Mongo’s primary strength lies in its ability to handle huge amounts of data (and huge amounts of requests) by replication and horizontal scaling. But it also has an added benefit of a very flexible data model. You don’t ever need to conform to a schema and can simply nest any values you would generally join using SQL in an RDBMS.

Finally, MongoDB was built to be easy to use. You may have noticed the similarity between Mongo commands and SQL database concepts (minus the server-side joins). This is not by accident and is one reason Mongo has so much mind share amongst people who have defected from the relational database camp. It’s different enough to scratch a lot of developer itches but not so different that it becomes a weird and scary monster.

Mongo’s Weaknesses

Mongo encourages denormalization of schemas (by not having any) and that can be a bit too much for some to swallow. Some developers find the cold, hard constraints of a relational database reassuring. It can be dangerous to insert any old value of any type into any collection. A single typo can cause hours of headache if you don’t think to look at field names and collection names as a possible culprit. Mongo’s flexibility is generally not important if your data model is already fairly mature and locked down.
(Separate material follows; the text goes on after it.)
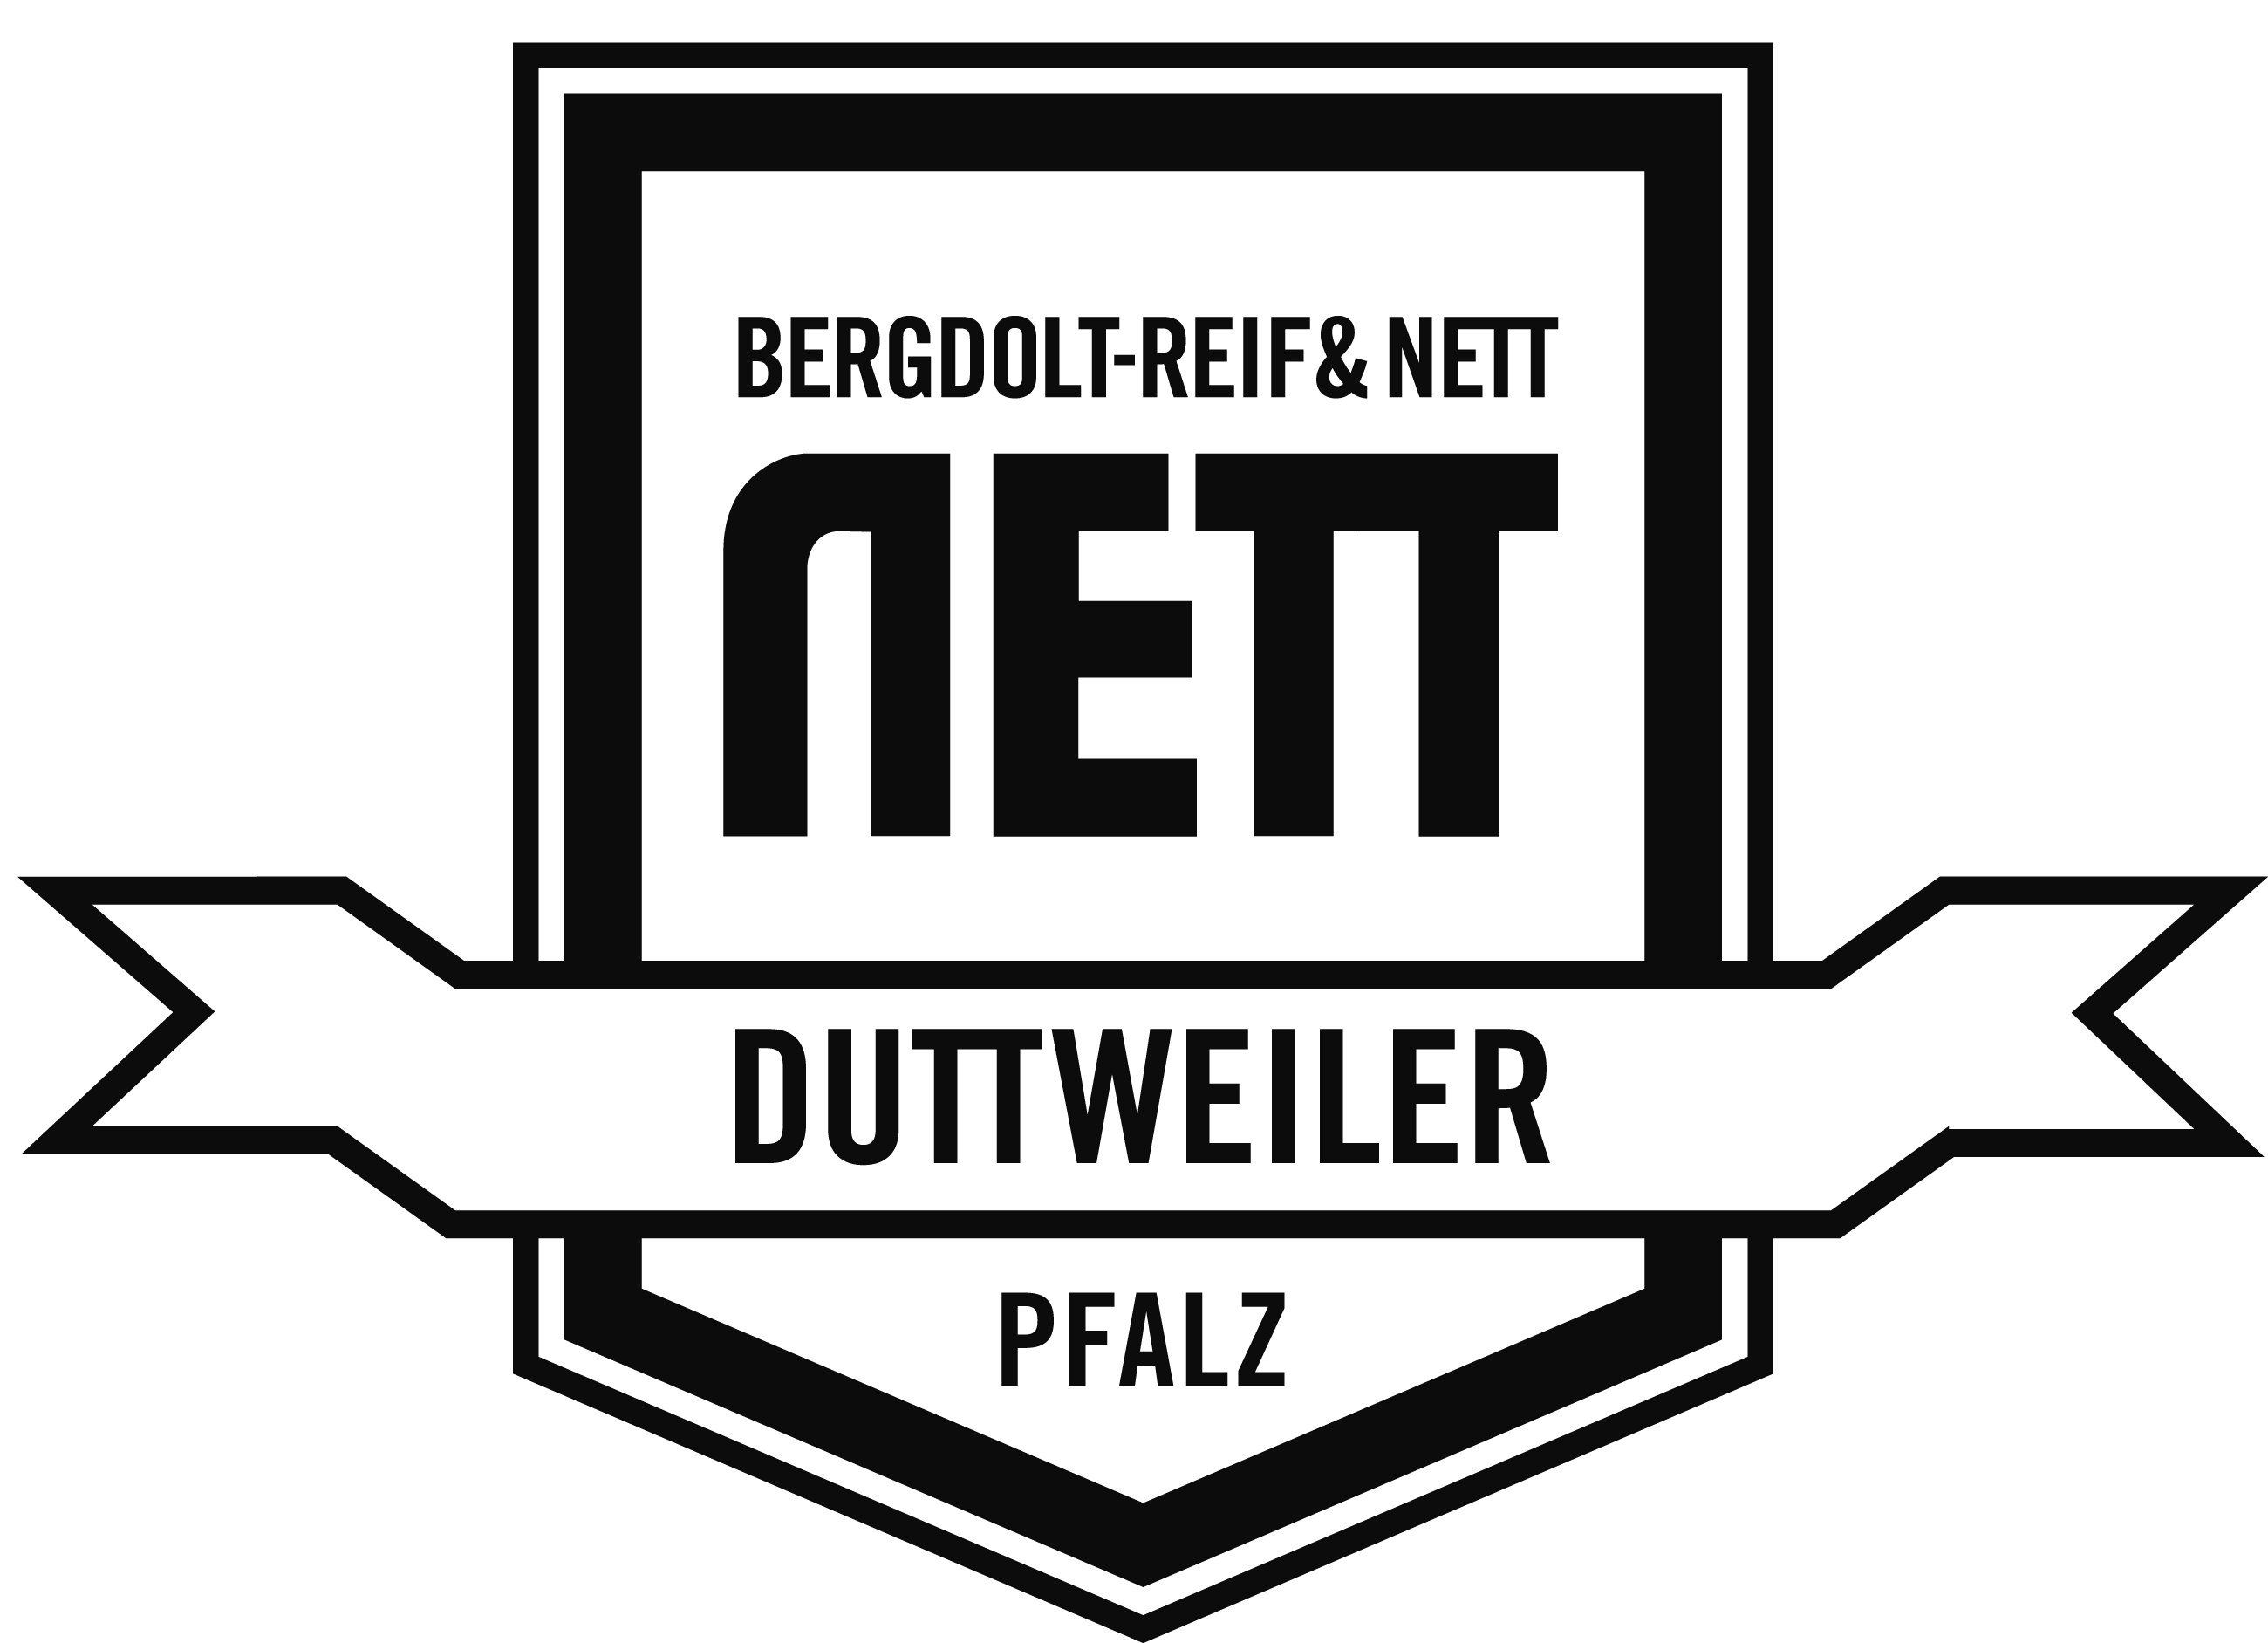 Weingut Bergdolt-Reif & Nett GmbH & Co. KG, 67435 Duttweiler, D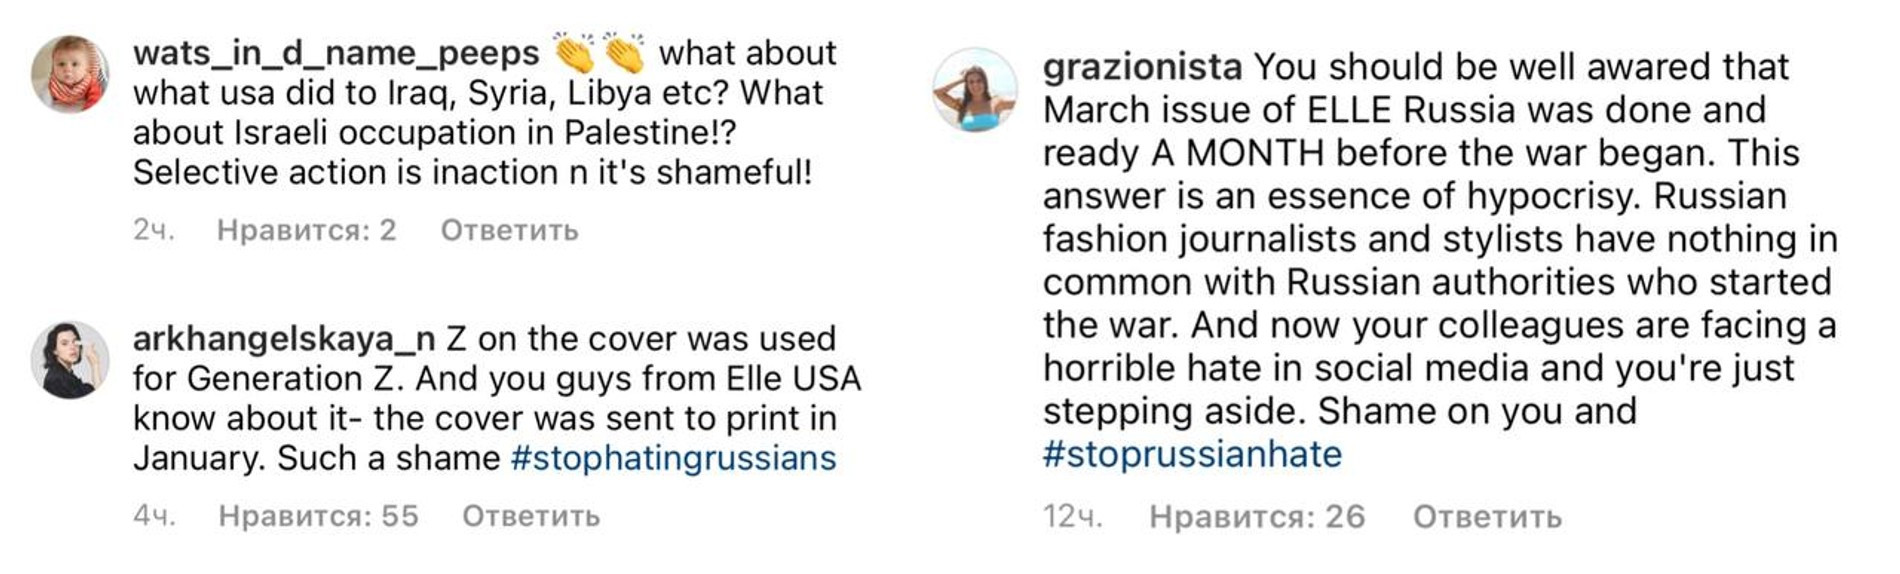 Фото: комментарии под постом в Инстаграме (запрещен на территории РФ) американского Elle

Because Mongo is focused on large datasets, it works best in large clusters, which can require some effort to design and manage. Unlike some clustered databases where adding new nodes is a transparent and relatively painless process, setting up a Mongo cluster requires a little more forethought.

Parting Thoughts

Mongo is an excellent choice if you are currently using a relational database to store your data using ORM-style patterns. We often recommend it to developers steeped in frameworks such as Ruby on Rails and Django because they can then perform validations and field management through the models at the application layer and because schema migrations become a thing of the past (for the most part). Adding new fields to a document is as easy as adding a new field to your data model, and Mongo will happily accept the new terms. We find Mongo to be a much more natural answer to many common problem scopes for application-driven datasets than relational databases.